Hungary has recently passed new legislation tightening asylum rules and is now building a border fence along the Serbian border to keep migrants and refugees out. Hungary’s prime minister, Viktor Orbán, believes Hungary cannot cope with any immigration, as it has no experience of ‘multiculturalism’. But Hungary has always been multicultural, with Roma and other minorities making up 10-12% of the country’s citizens.
Viktor Orbán’s campaign against migrants to Hungary was already in full force before he started to build a 4 metre-high fence along the 110-mile border with Serbia. In May this year his government, Fidesz, sent a questionnaire to every household as part of a ‘National Consultation on Immigration’. This included skewed questions clearly linking immigrants to terrorism, such as: “There are some who think that mismanagement of the immigration question by Brussels may have something to do with increased terrorism. Do you agree with this view?” Reportedly costing 1 billion forints (EUR 3.2m), the consultation bizarrely cost far more than any money put aside for managing immigration.
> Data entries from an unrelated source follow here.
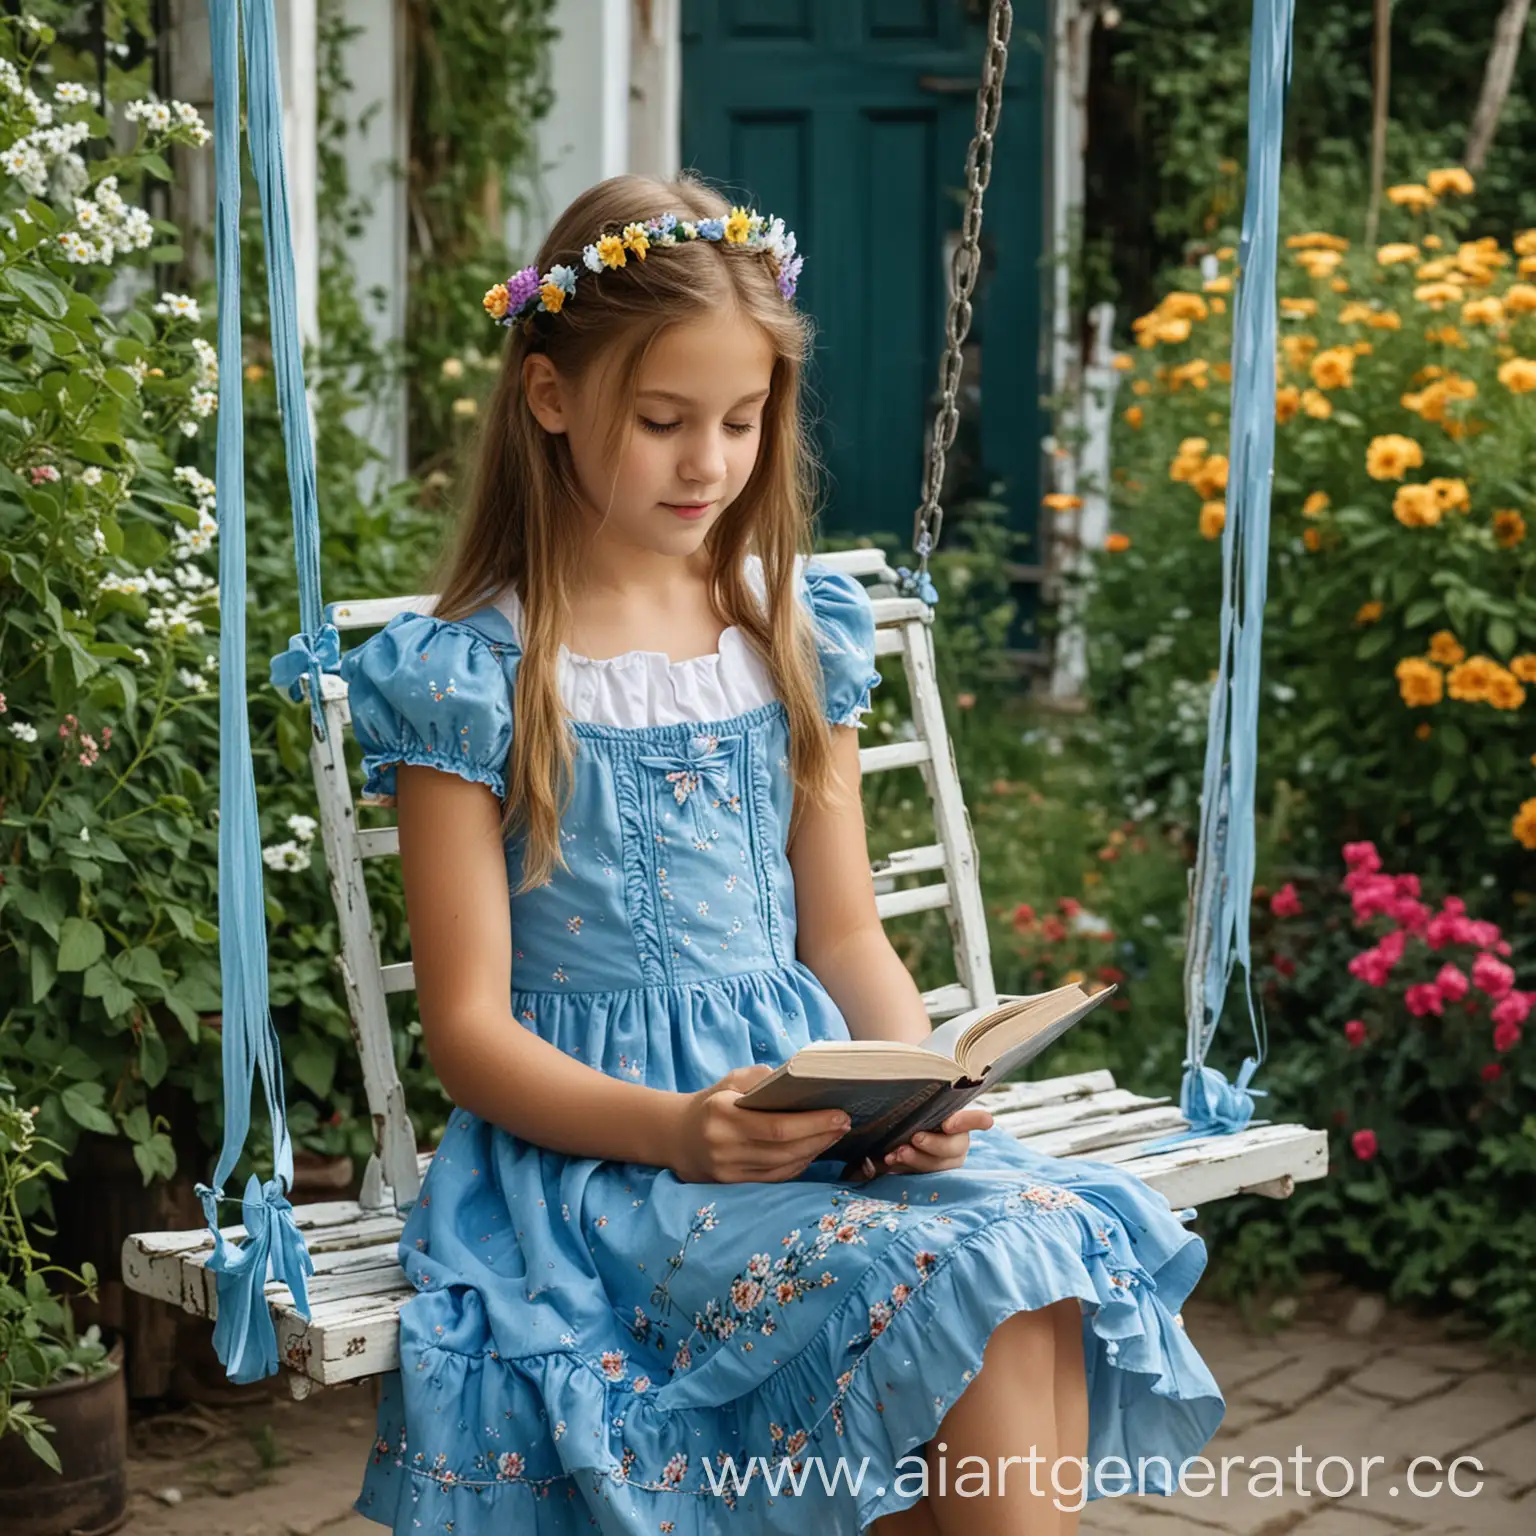 Girl-Reading-Book-on-Swings-in-Summer-Garden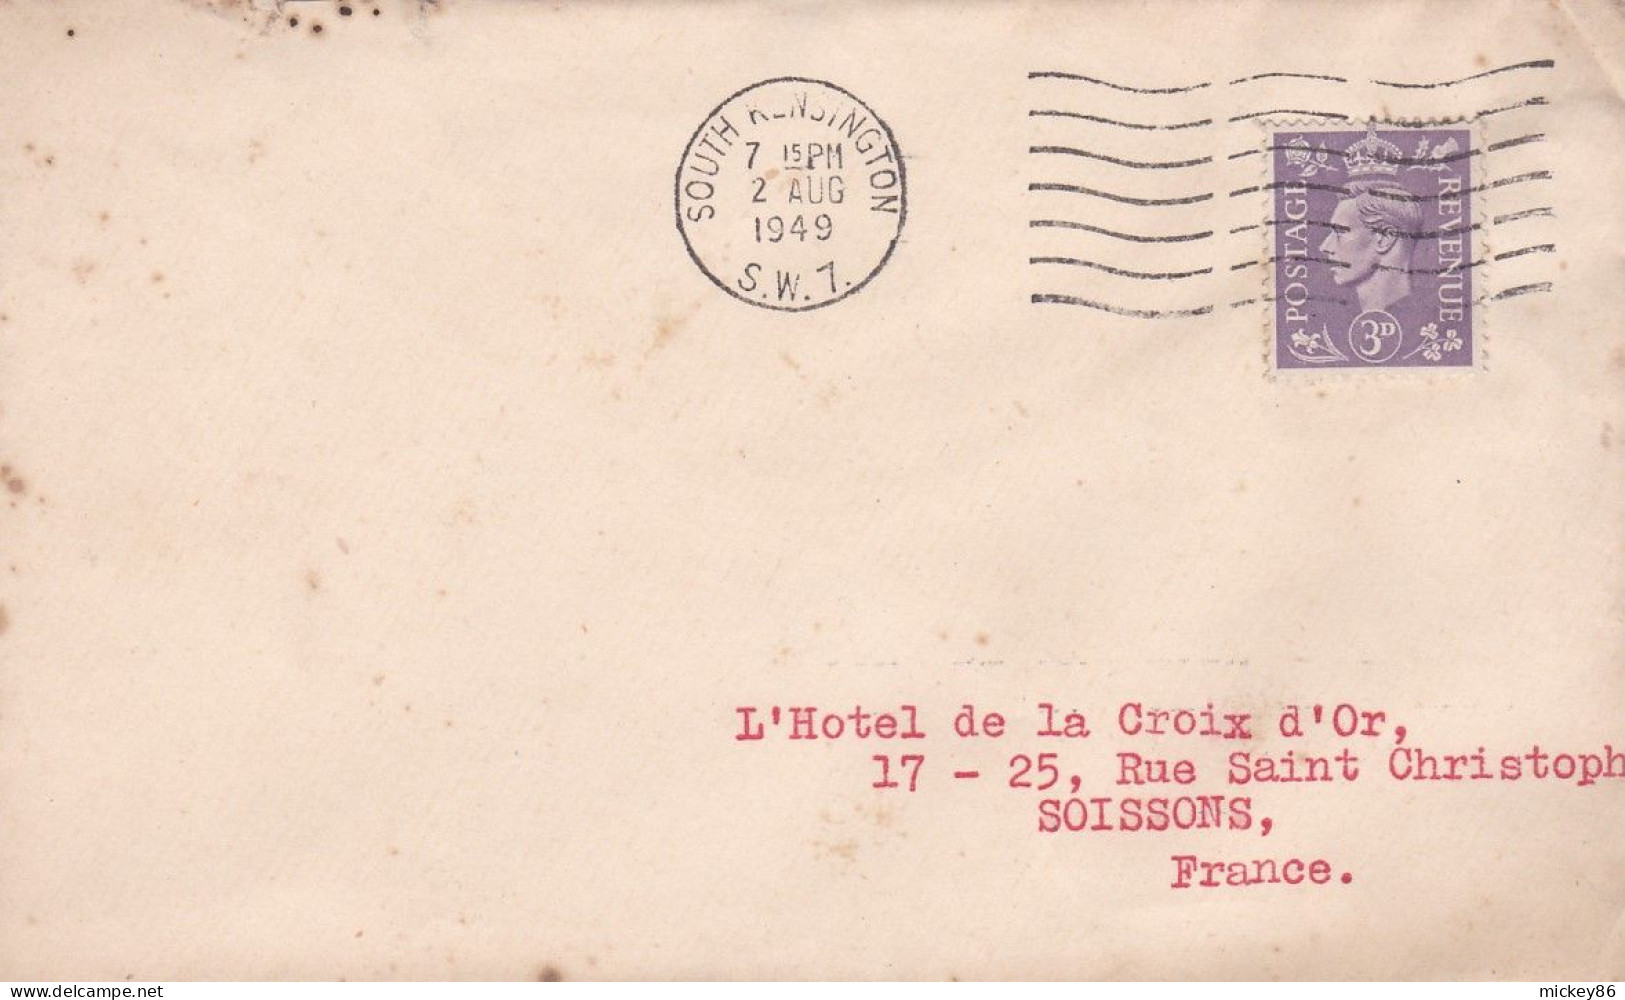 G-B- 1949--- Lettre SOUTH KENDINGTON  Pour Soissons-02 (France)-timbres ,cachet  Date  2- AUG -1949-- - Lettres & Documents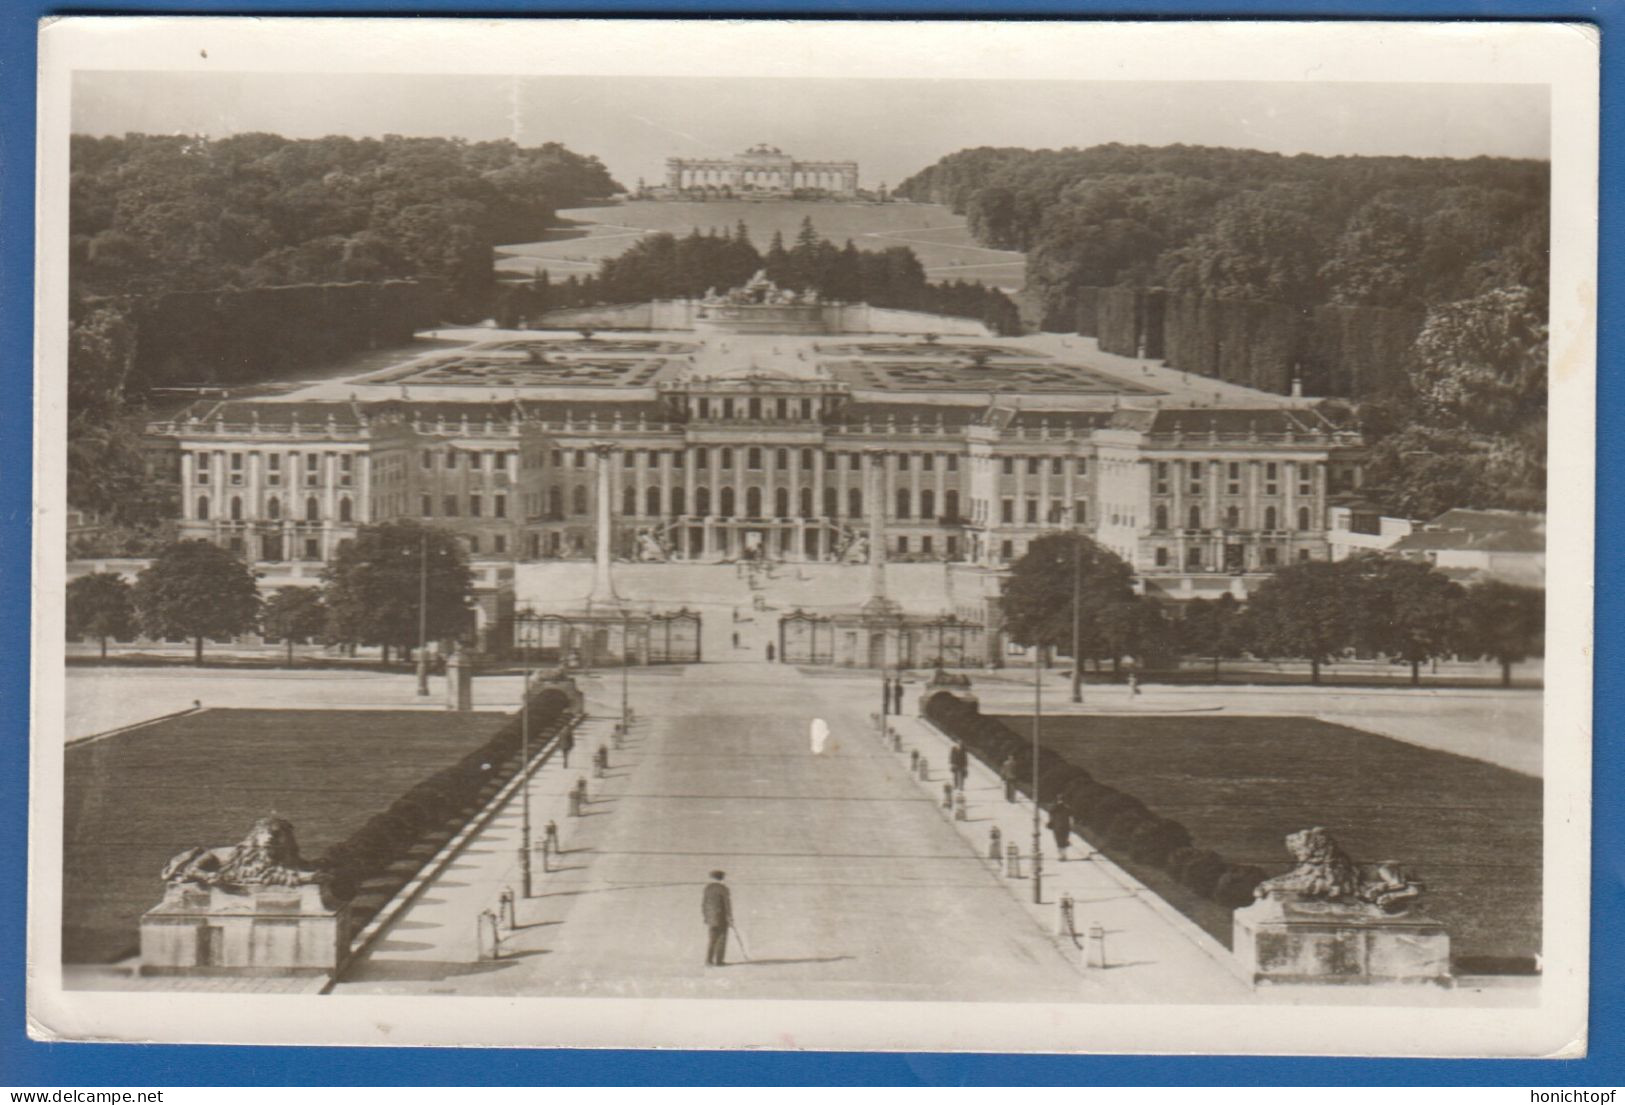 Österreich; Wien; Belvedere; 1943 - Schönbrunn Palace

New waves of migration are a contemporary issue for Hungary – Hungary has become a major transit country for migrants. In the last six months alone a reportedly 71,200 migrants entered the country. This article doesn’t question the scale or potential problem this poses for Hungary, what it does question is the speed and force with which Orbán’s governing party Fidesz has taken up an anti-immigration stance, and how this stance is being linked to anti-Roma (or anti-Gypsy) discourse.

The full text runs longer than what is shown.